I was amazed to read the obituary of Sir Anthony Epstein who died at the age of 102 last week.
He suspected that a lymphoma (cancer) named after Dennis Burkitt (who first described it) was caused by a virus and was determined to discover that virus. He received numerous specimens regularly flown in from Uganda and consistently failed to find any evidence until a flight was seriously delayed and the specimens when they finally arrived all looked cloudy.
Finally he was able to locate a new herpes virus with the new electron microscope, eponymously called the Epstein Barr Virus (Barr was his technician) or EBV.
Many other viruses have been suspected to cause cancer but not cultured or seen under the microscope. A famous example is the Human Papilloma virus (HPV) which causes (among other cancers), cancer of the cervix.

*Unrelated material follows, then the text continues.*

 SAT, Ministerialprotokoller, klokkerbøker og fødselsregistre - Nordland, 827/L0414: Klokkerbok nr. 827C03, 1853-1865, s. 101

It can only be detected by molecular biological techniques, such as those used by Harold zur Hausen, its Nobel Prize-winning discoverer.

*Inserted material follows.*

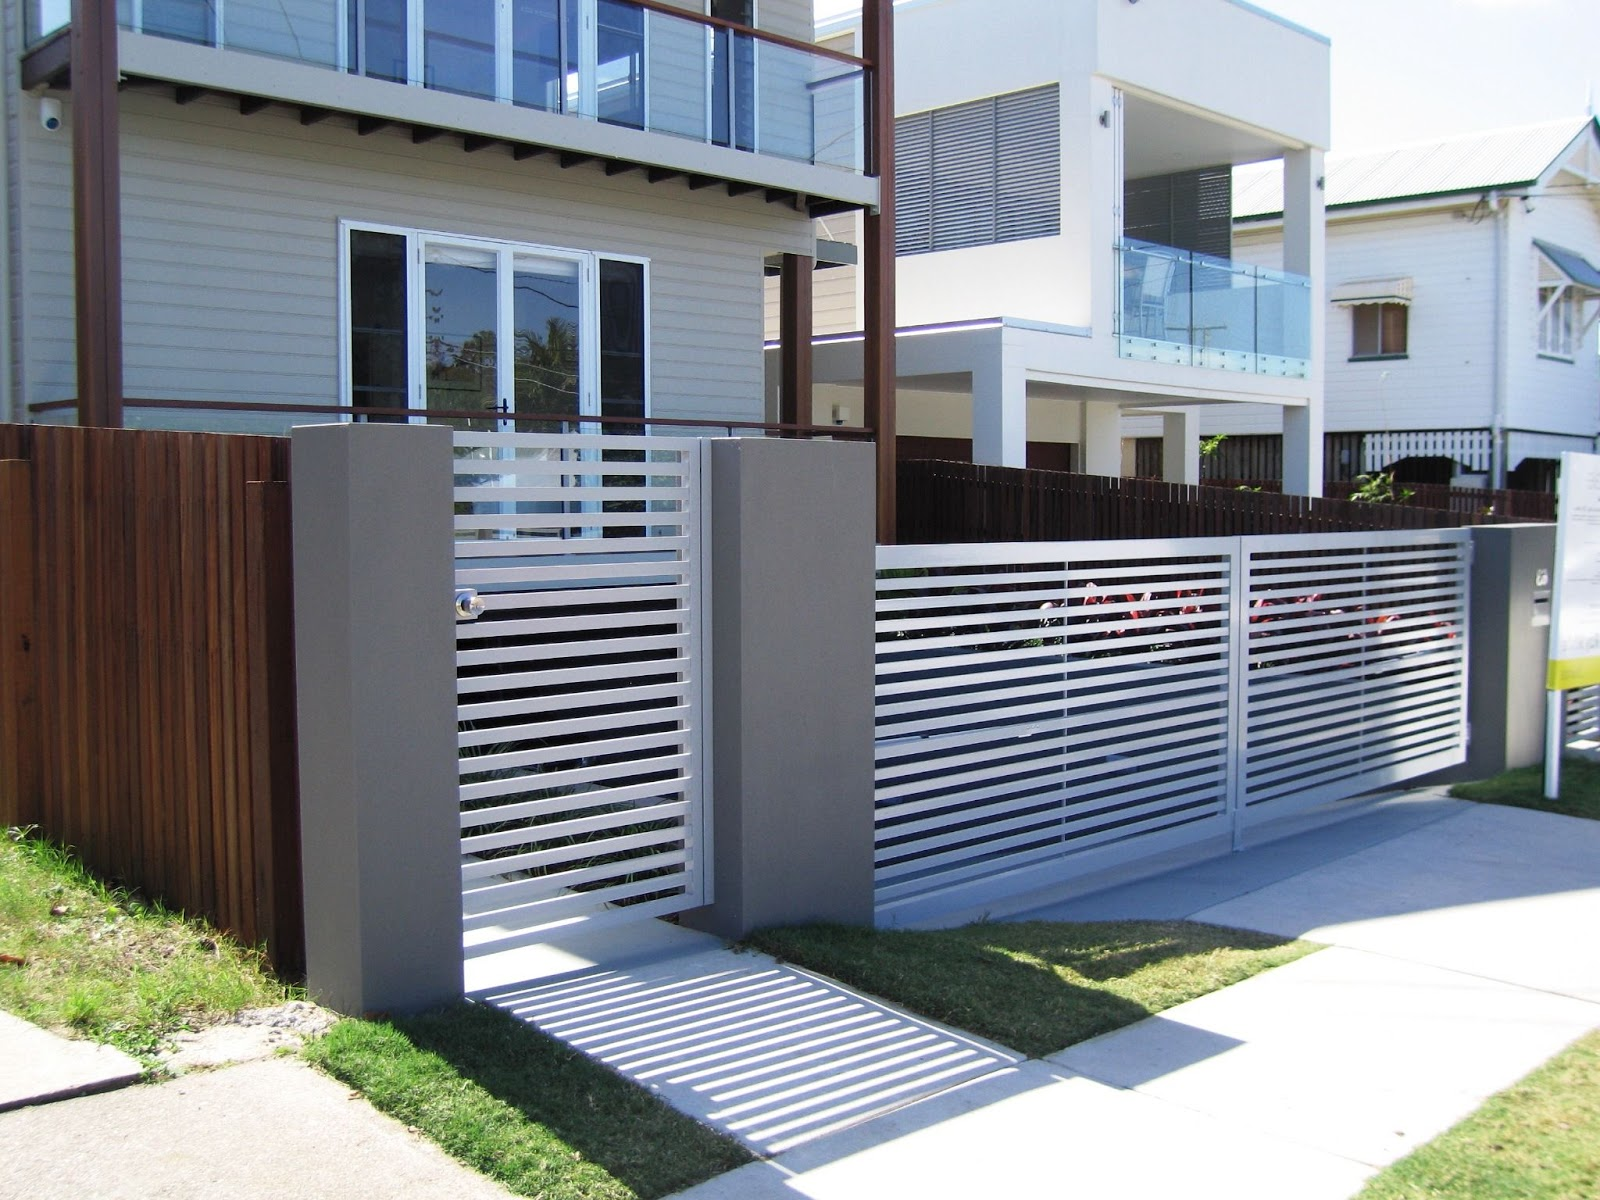 35 kombinasi warna cat pagar rumah minimalis hijau ungu

The difficulty in identifying viruses has led to a host of what are labelled as conspiracy theories such as HIV does not cause AIDS and the Covid virus does not exist.
These theories get excited by facts such as many HIV-infected patients are well and some AIDS cases are HIV-negative, and that it is hard to isolate both HIV and SARS-2, the cause of Covid. Interestingly in both HIV and Covid the severe clinical manifestations are caused not by the direct effect of the virus killing cells but rather by the gross over-inflammation that the viruses induce.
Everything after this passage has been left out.